Did High Altitude Airship Set World Record?
Despite The Worthiness Of The Public Relations Effort, Tandem Is Not Much Of An Achievement
The Tandem rises into the air. Image from JP Systems website.
By John Guzzon
Modern Times Magazine
Nov. 3, 2011 — Late last week a press release announcing that JP Aerospace had flown an airship higher than any that had gone before was released and thousands of news websites and newspapers ran with the story.
"The big aerospace firms have been trying to do this for decades, spending hundreds of millions of dollars," says John Powell, President of JP Aerospace. "We've spent about $30,000 and the past five years developing Tandem."
A great American story, right? Small firm out-thinks the biggest aerospace companies in the world and succeeds. Lockheed Martin’s crash of the $150 million Hale-D this summer — likely to what Powell was referring — was a boondoggle, a monumental waste of time and resources.
But according to Ed Herlik, an analyst with Market Intel Group, and confirmed by a simple look at Tandem, the “airship” was really two weather balloons connected by a platform.

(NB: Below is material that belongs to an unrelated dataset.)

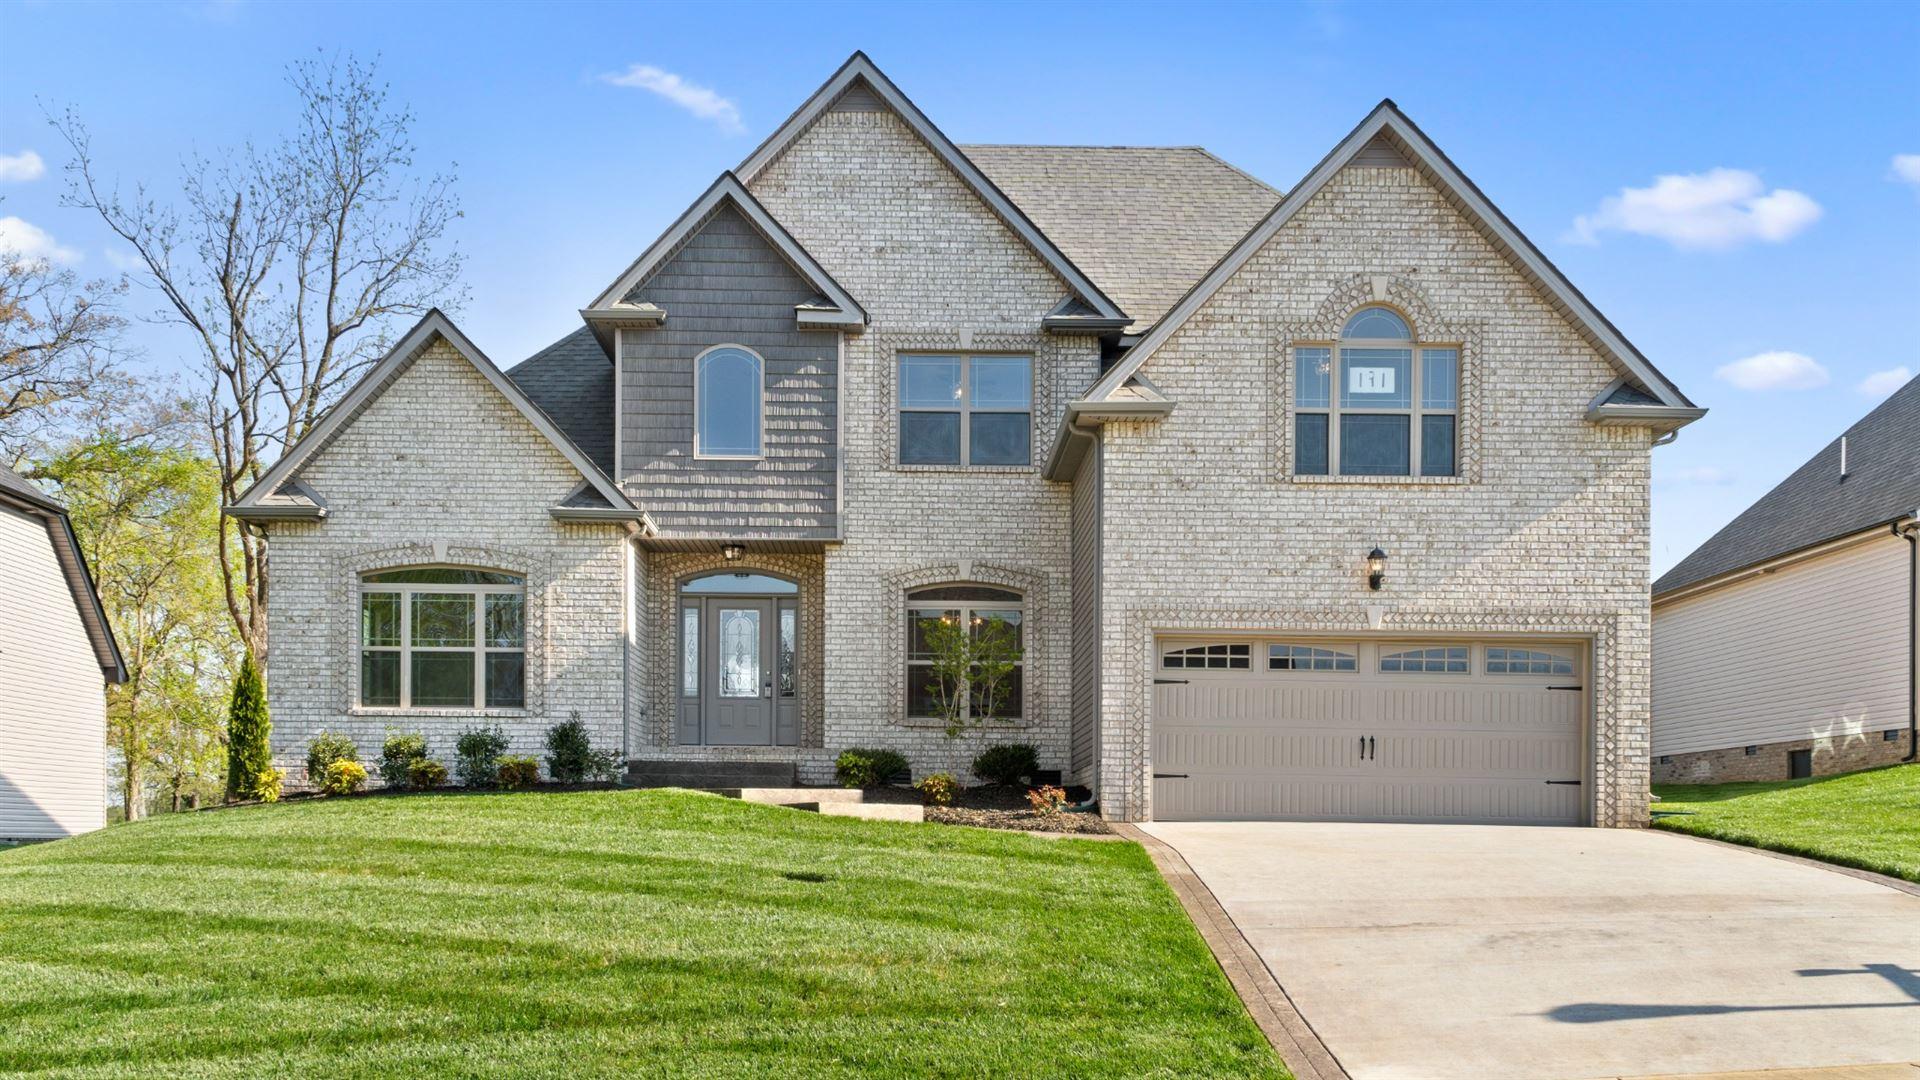 489 Autumnwood, Clarksville, TN 37042 - MLS#: 2214348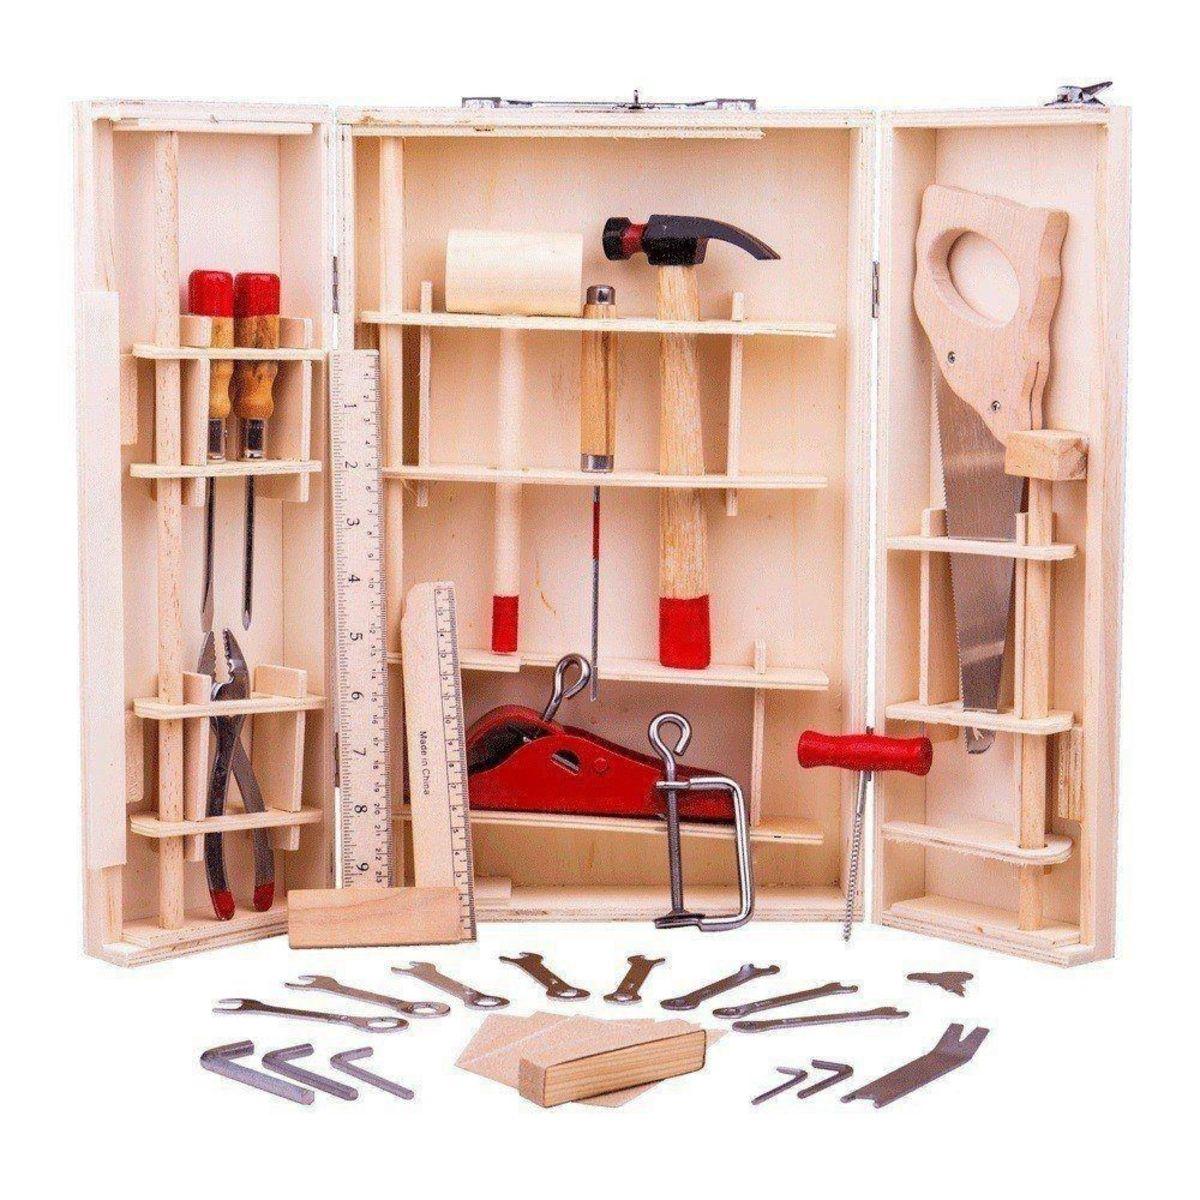 Poloprofesionálna sada náradia Children's tools set

“It is really just a very nice science fair project,” Herlik said. “In their statements, JP Aerospace said the balloon failed at about 90,000 feet and that should be expected because it is a weather balloon.”
While no one who is interested in high altitude airships would disparage the publicity the event maintained becasue any attention is welcomed, comparing Tandem with the HALE-D is like comparing an apple to a double cheeseburger with cheese, bacon, mushrooms, onions and special sauce.
And, no one can disparage Powell for doing whatever it takes to get attention for his projects. JP Aerospace is a volunteer group that creates hypotheses and dreams of what the future of using near-space might be when policymakers finally decide to invest in the technology. Near space — altitudes between 65,000 and 325,000 feet — is being mined by various groups as alternatives to satellites and perhaps as a new gateway to the solar system and beyond. Powell should be commended for his vision.
But according to the experts, flying a real airship that can service heavy and expensive payloads is an engineering task above and beyond those achievements.
“Tandem is a general workhorse vehicle. A high-altitude backhoe, it will be used as a launch platform for small research rockets, a mother ship for hypersonic test airships and all around tool for the Airship to Orbit program. Airship to Orbit is a project to build large V-shaped airships that will fly to space,” the company’s press release read.
Powell did not respond to repeated attempts for comments on the flight of Tandem.
Granted, Powell and JP Aerospace does good things — launching cameras into the upper atmosphere via balloons, for The Discovery Channel, National Geographic, and Toshiba for a 2009 television commercial — but the craft can’t be compared to long-endurance, high altitude surveillance craft.
And that “airship” altitude record? Well, maybe not.